The Çubuk-1 Dam is a concrete gravity dam on the Çubuk Stream near Çubuk in Ankara Province, Turkey. It is located 12 km north of the center of Ankara and was built to control floods and provide drinking water to the city. Its construction lasted from 1930 to 1936; Mustafa Kemal Atatürk attended its inauguration on November 3, 1936. It was the first concrete dam constructed in Turkey and the first constructed in Ankara, and is recognized by Turkey's Chamber of Civil Engineers as one of the country's top 50 engineering feats. It is owned and maintained by the Turkish State Hydraulic Works and was constructed at a cost of 2.32 million TRY.

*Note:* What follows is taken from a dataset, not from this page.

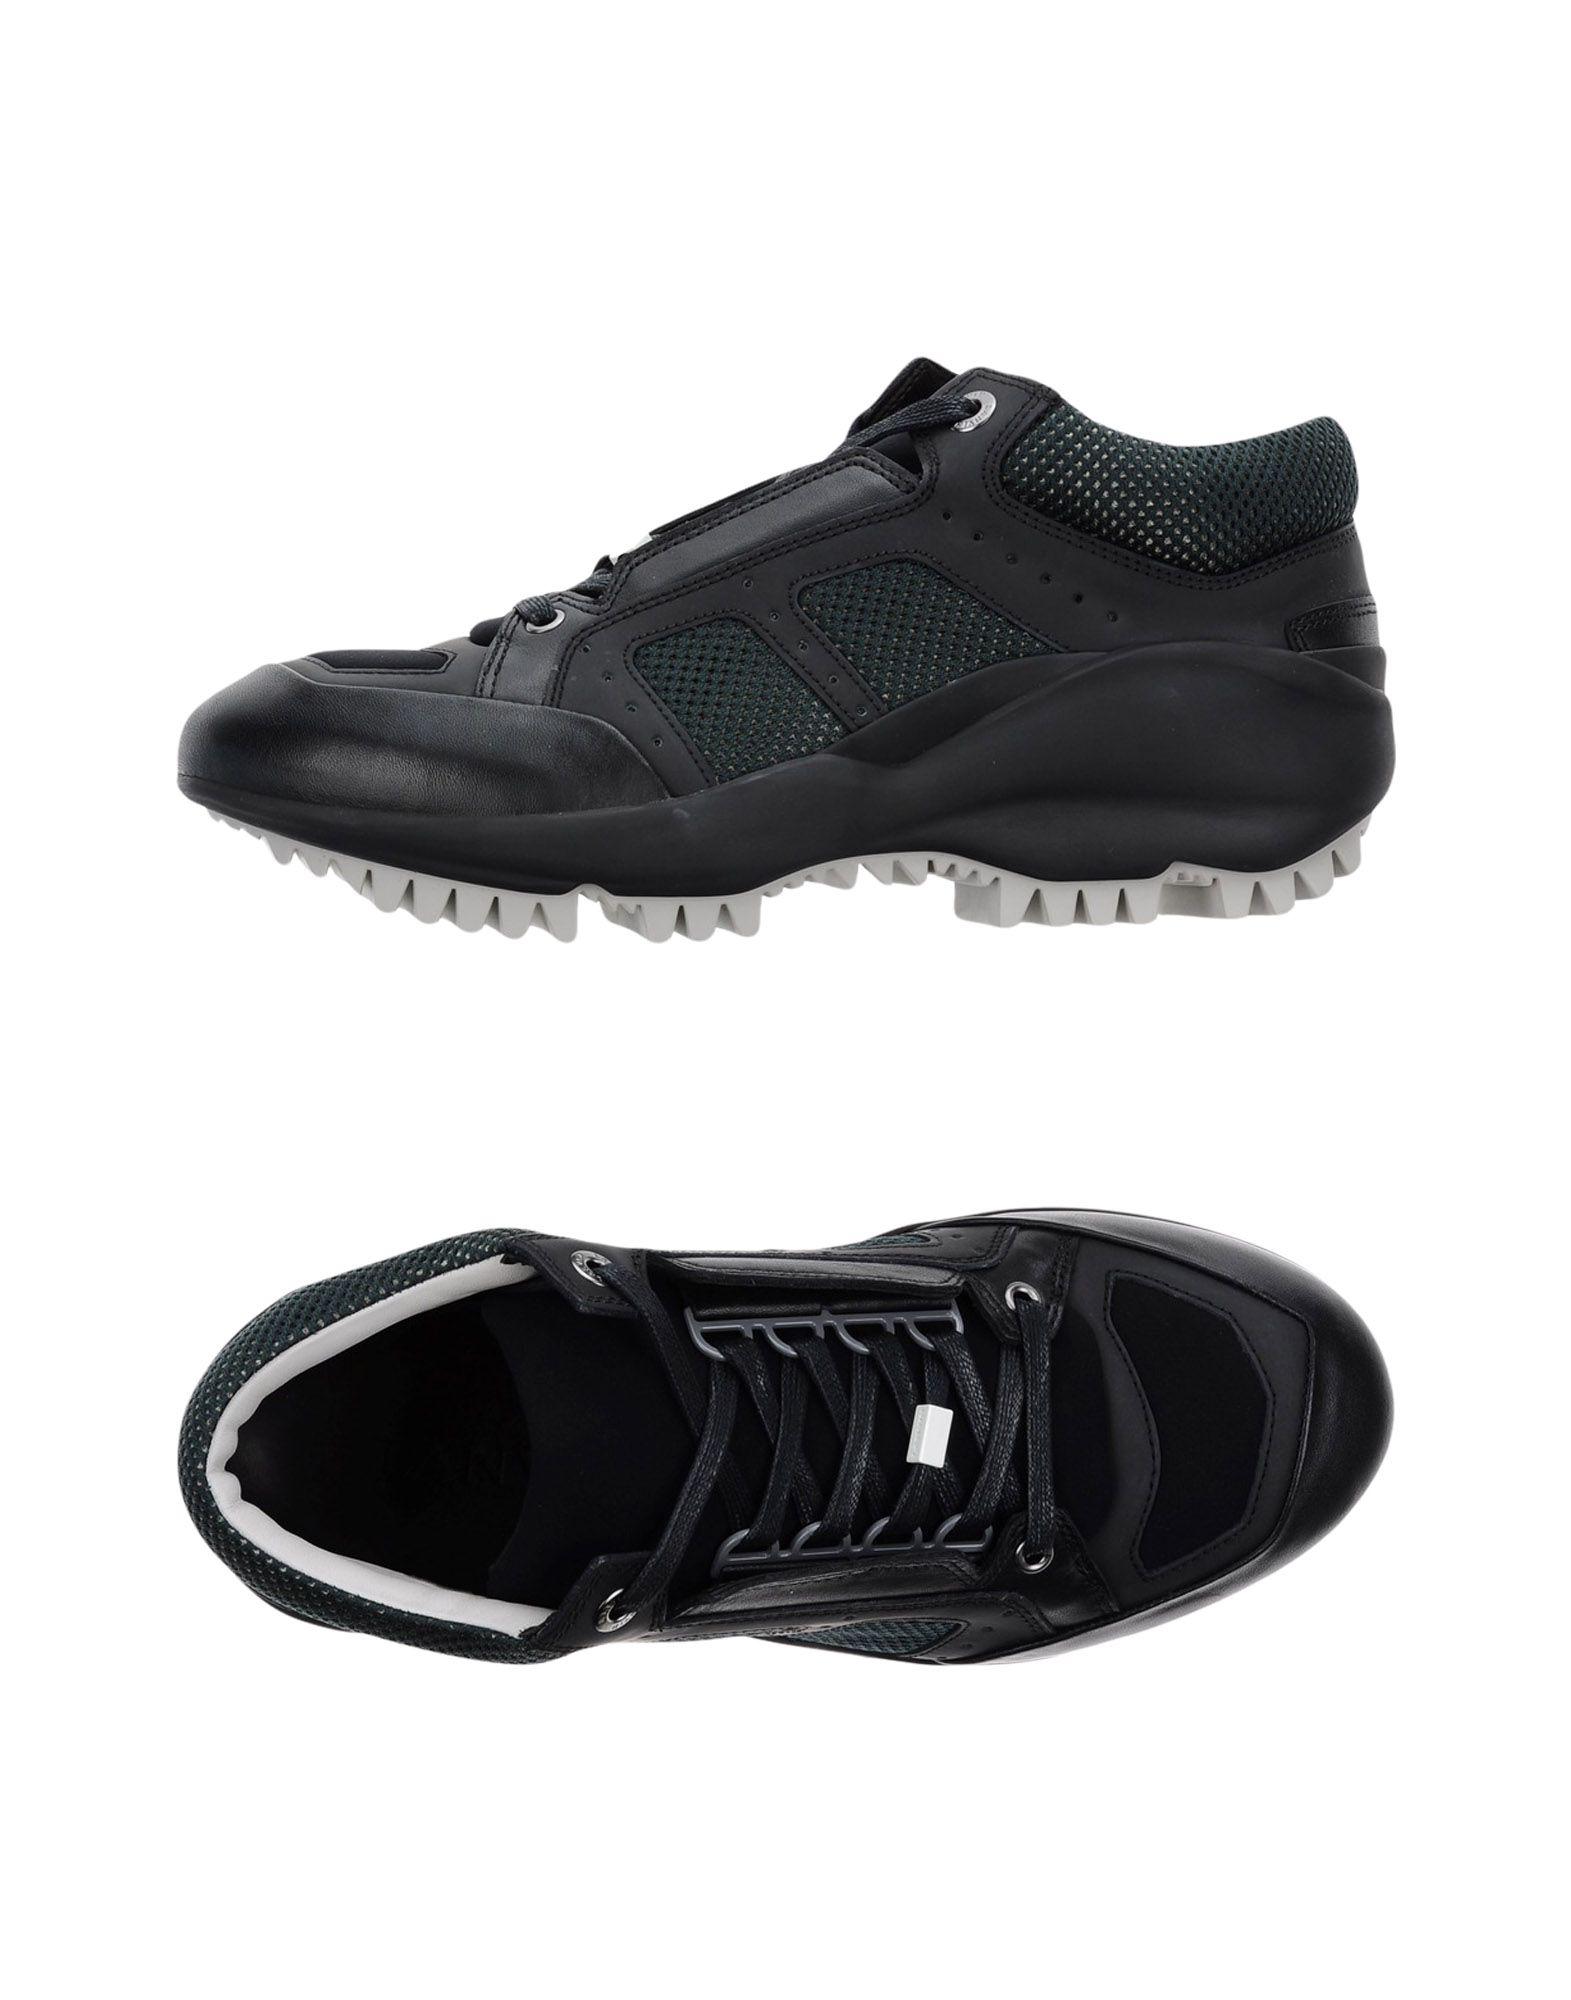 Lanvin Sneakers Herren  11290459VS Gute Qualität beliebte Schuhe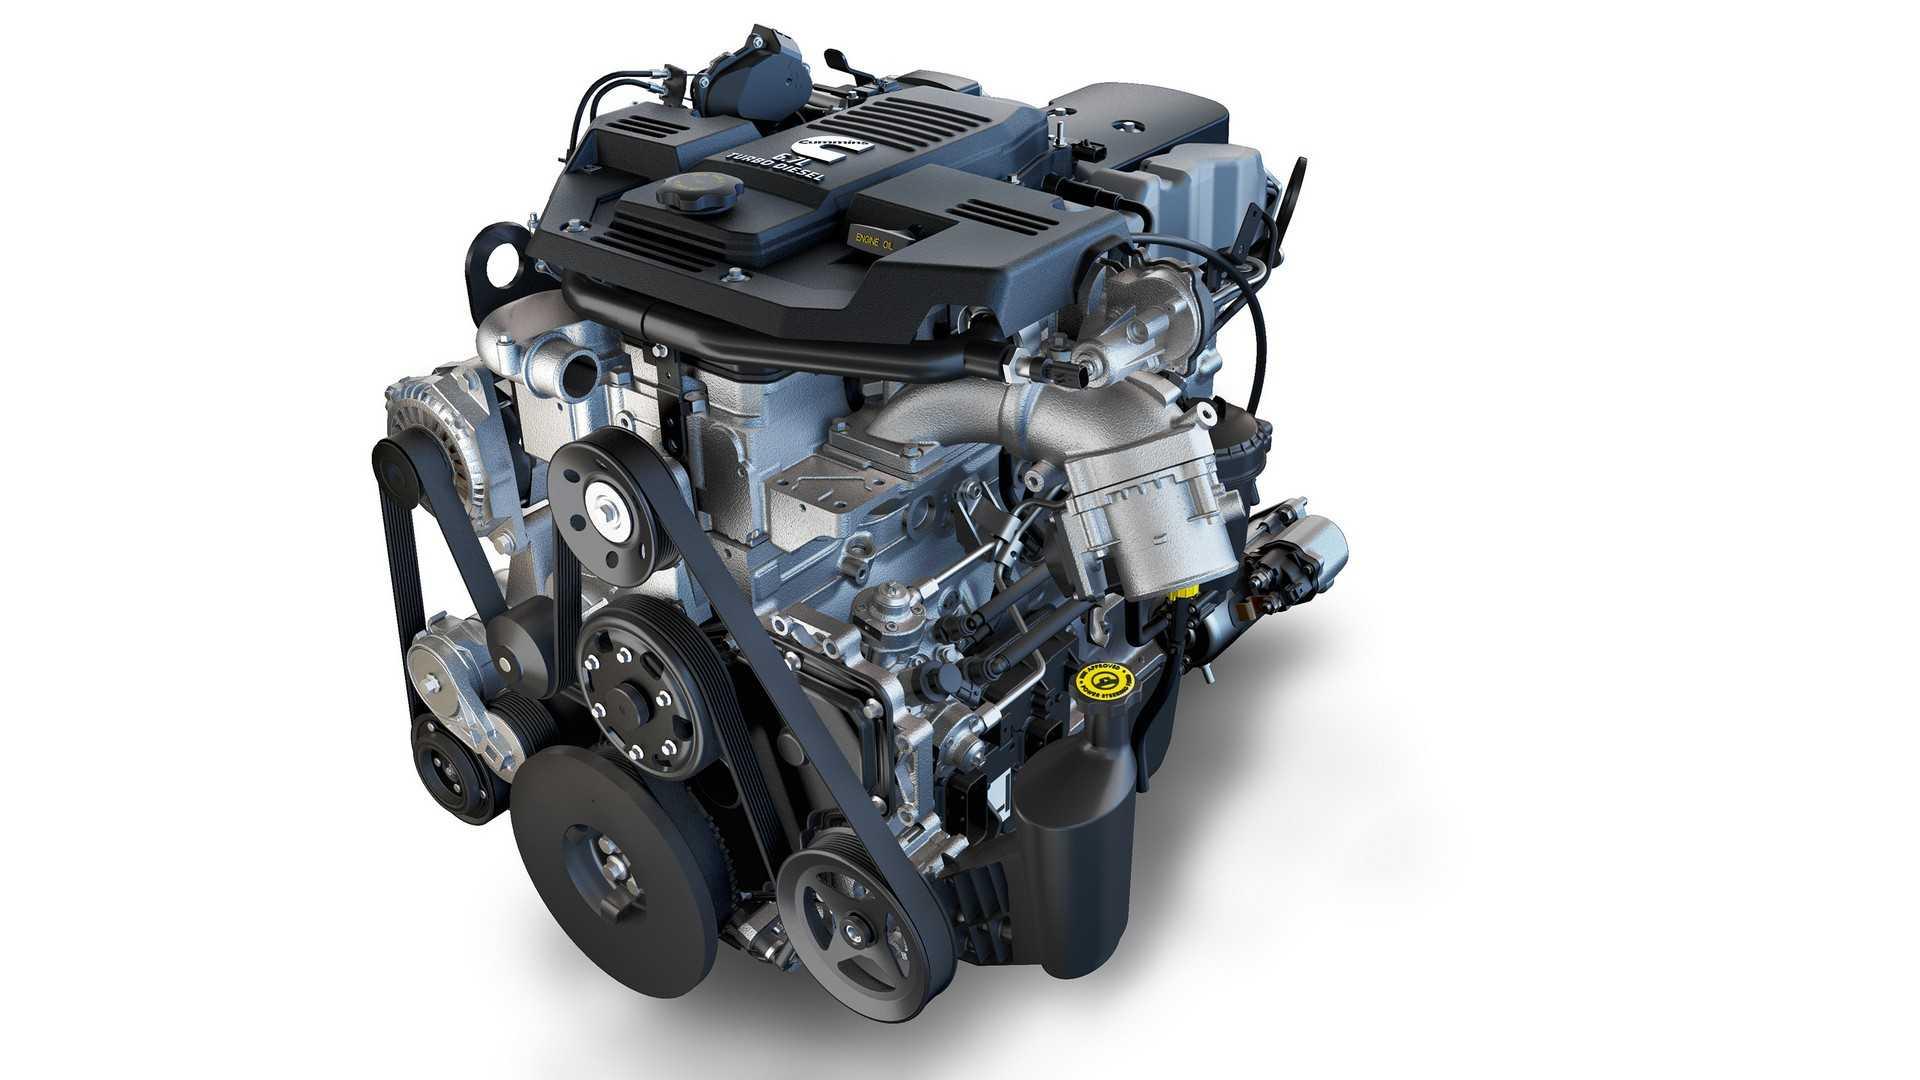 2019-ram-heavy-duty-powertrain-technologies (1)

The dam is 25 m tall, 900 m long and made of 120000 m3 of concrete. The aggregate for the concrete was derived from volcanic rock in nearby areas. It has a circular axis of 200 m and its arch-like design was used for stability. Hardly used, its reservoir has a normal volume of 1200 m3 and surface area of 1 km2. The dam's reservoir used to be a popular recreational area. Silt accumulation in the reservoir along with raw sewage being dumped upstream halted water supply from the dam in 1994. Since then, efforts have been ongoing to remove the polluted silt from the former reservoir bed. The area behind the dam will also be restored into a park once complete. Before being mostly emptied, the reservoir's elevations above sea level were 906.25 m at full capacity, 900 m at two-thirds capacity and 895 m at half.